Normally, on a usual aspx file, I can use System.Attribute at the begining of the page, like:
[AuthorizePage()]
public partial class _Default : System.Web.UI.Page
{
protected void Page_Load(object sender, EventArgs e)
{
}
}
public class AuthorizePage : System.Attribute
{
public AuthorizePage()
{
//do some stuff to authorize
}
}
And before the page initializes the Attribute's constructor runs and do some stuff to ensure a person is currently logged in, otherwise the attribute constructor Redirects user to a login page.
I wanted to do the same on a HttpHandler (ashx file), but the attribute never initializes when on a ashx page.
[AuthorizePage()]
public class AjaxHandler : MuCustomClassBase, IHttpHandler, IReadOnlySessionState
{
//The interface implementations and some other custom private methods
}
I do an AJAX Call to this ashx page. Could this be the reason why the Attribute doesn't run? Or any other things I must know?
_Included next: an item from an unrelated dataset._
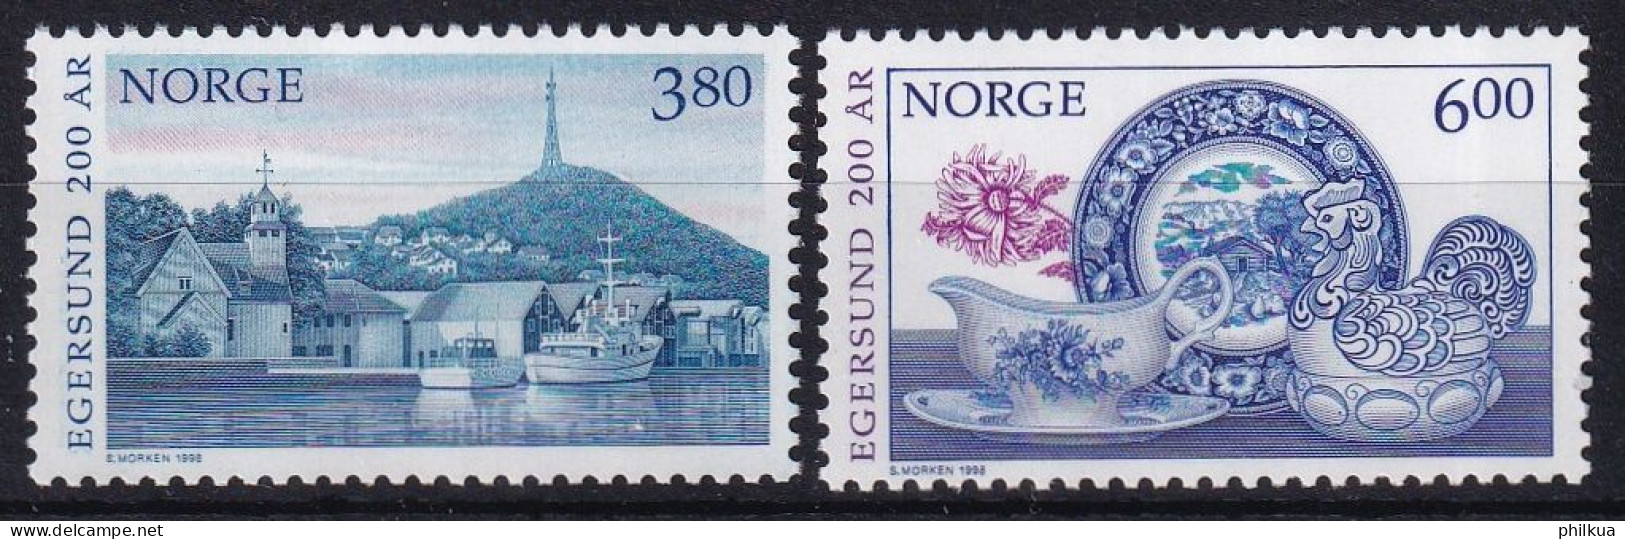 MiNr. 1278 - 1279 Norwegen       1998, 20. April. 200 Jahre Stadt Egersund - Postfrisch/**/MNH - Nuevos

Eventually, I would be extremely happy to know How to run a Custom System.Attribute over an ashx file?
Assuming you are using ASP.Net authentication, you can just add the .ashx to the list of protected pages in web.config and IIS/ASP.Net will take care of the rest:
<location path="AjaxRequests.ashx">
<system.web>
<authorization>
<allow users="?" />
</authorization>
</system.web>
</location>
If you are using a self-built authentication scheme, you could override OnProcessRequest and perform the necessary authentication in that method, redirecting as needed.
Attributes don't do anything by themselves. You can pile 10 random attributes on a class and nothing will really happen. Attributes just provide metadata about the class/method/property.
There should be a piece of code that looks at the metadata and act on it. Since you seem to be using custom AuthorizePageAttribute such piece of code either don't run for handlers or does not expect class that is not derived from Page to have such attribute.
To fix an issue you need to find what handles you custom attribute and fix it. You may need to add similar code to your handlers directly.
The fact that your code in constructor of attribute does something useful for a page class on every request to that page sounds suspicious - I'd expect such attributes to be created once per type instance. Relying on non-trivial code in constructor of an attribute to run per-instance of the class seems dangerous to my.
Well first of all yes you are reinventing the ActionFilterAttribute in Asp.Net MVC. But, I have to ask if you really need to use attribute? I suggest you to use inheritance model. Let me simply explain; you might have a SecurePage : Page class that implements the security operations. You may then pass the security code that is related to the derived page.
And if you insist on using attributes, you should intersect the handler mechanism by writing a base factory handler that routes to the needed handler. This handler should behave like a mediator object.
Related
Using a Asp.Net old project, to access webforms I need to create a custom class Attribute that reads users rights like 'Rights.ViewDashboard' or 'Rights.CanEdit' an so. The class code is:
[AttributeUsage(AttributeTargets.Class, AllowMultiple = true)]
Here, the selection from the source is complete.